After the previous university mechanic Braunau died in 1860, Zeiß applied for this position. He was less concerned with the title than with the license to teach, which was usually granted on this occasion, which made him a member of the university and guaranteed tax exemption. There were no problems with the appointment as a university mechanic, but the Senate was only able to come to terms with the much more important teaching authorization after some back and forth. Nevertheless, Zeiß was only happy about the tax exemption for two weeks. Then a law was found according to which this privilege should only apply to those people who earned their living exclusively from teaching and writing. As a trader, Zeiß was of course not part of this group. But other awards followed, namely a silver commemorative coin at the 1st General Thuringian Trade Exhibition in Weimar for his "excellent microscopes with auxiliary devices" and a first honorary award at the 2nd Thuringian Trade Exhibition in 1861. In 1863, Zeiß was appointed court mechanic.

In the meantime, the economic difficulties had been overcome and the company had expanded so much that in 1858 a new, larger workshop had to be moved into, which was finally located in its own, bought property. Zeiß was now in business relationship with many, partly well-known companies, such as B. with Julius Kern in Aarau (Switzerland), Emil Busch in Rathenow (supplier of glasses) and WC Heraeus in Hanau (supplier of platinum). From 1861 there was a description of how Zeiß dealt with one of his customers: When the still insignificant zoologist Ernst Häckel (1834-1919), who was working as a poorly paid private lecturer at the University of Jena, came to Zeiß and asked for a simple microscope that was supposed to be cheap, Zeiss understood the academic, made him a good price and even added a magnifying glass.

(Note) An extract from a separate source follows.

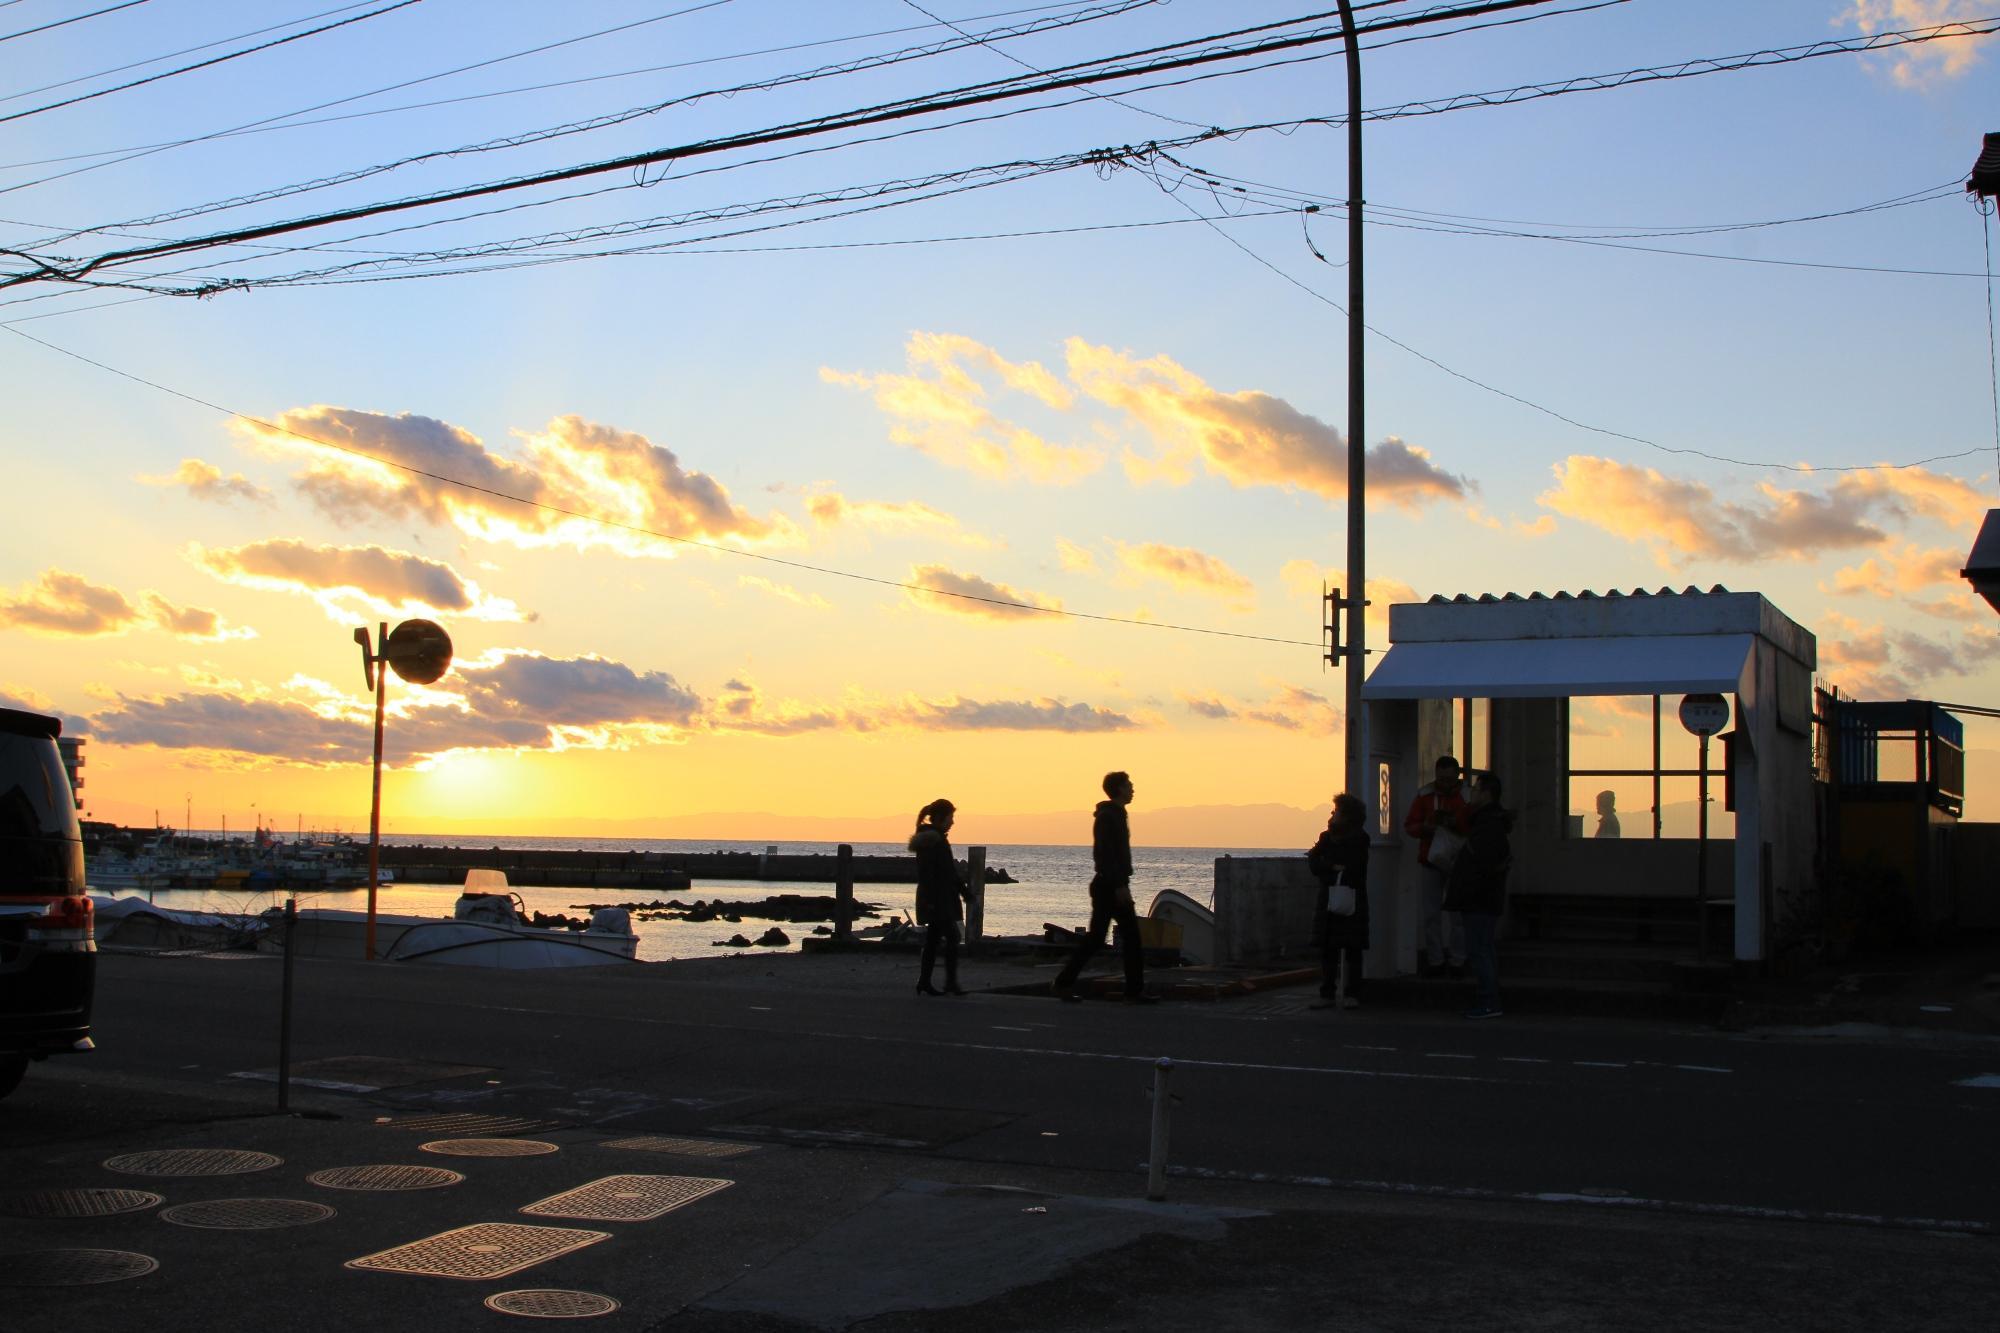 葉山町 写真1 「夕暮れのバス停」

The composite microscopes improvised from the optics of the simple microscopes and eyepieces could not convince in the long run, although they were praised by Schleiden. That is why the newly designed compound microscopes appeared for the first time in five different versions in the 7th price list from August 1861. The largest of these was a horseshoe tripod, as had been built by the well-known microscope manufacturer Georg Oberhäuser in Paris and cost 55 thalers. On the underside of the object table it was provided with a curved screen designed by Zeiss and had a mirror for setting inclined lighting, which could not only be swiveled sideways but also forwards. Zeiß calculated the tripod, lenses and eyepieces individually for his customers so that everyone could put together the optics combination that was convenient for them.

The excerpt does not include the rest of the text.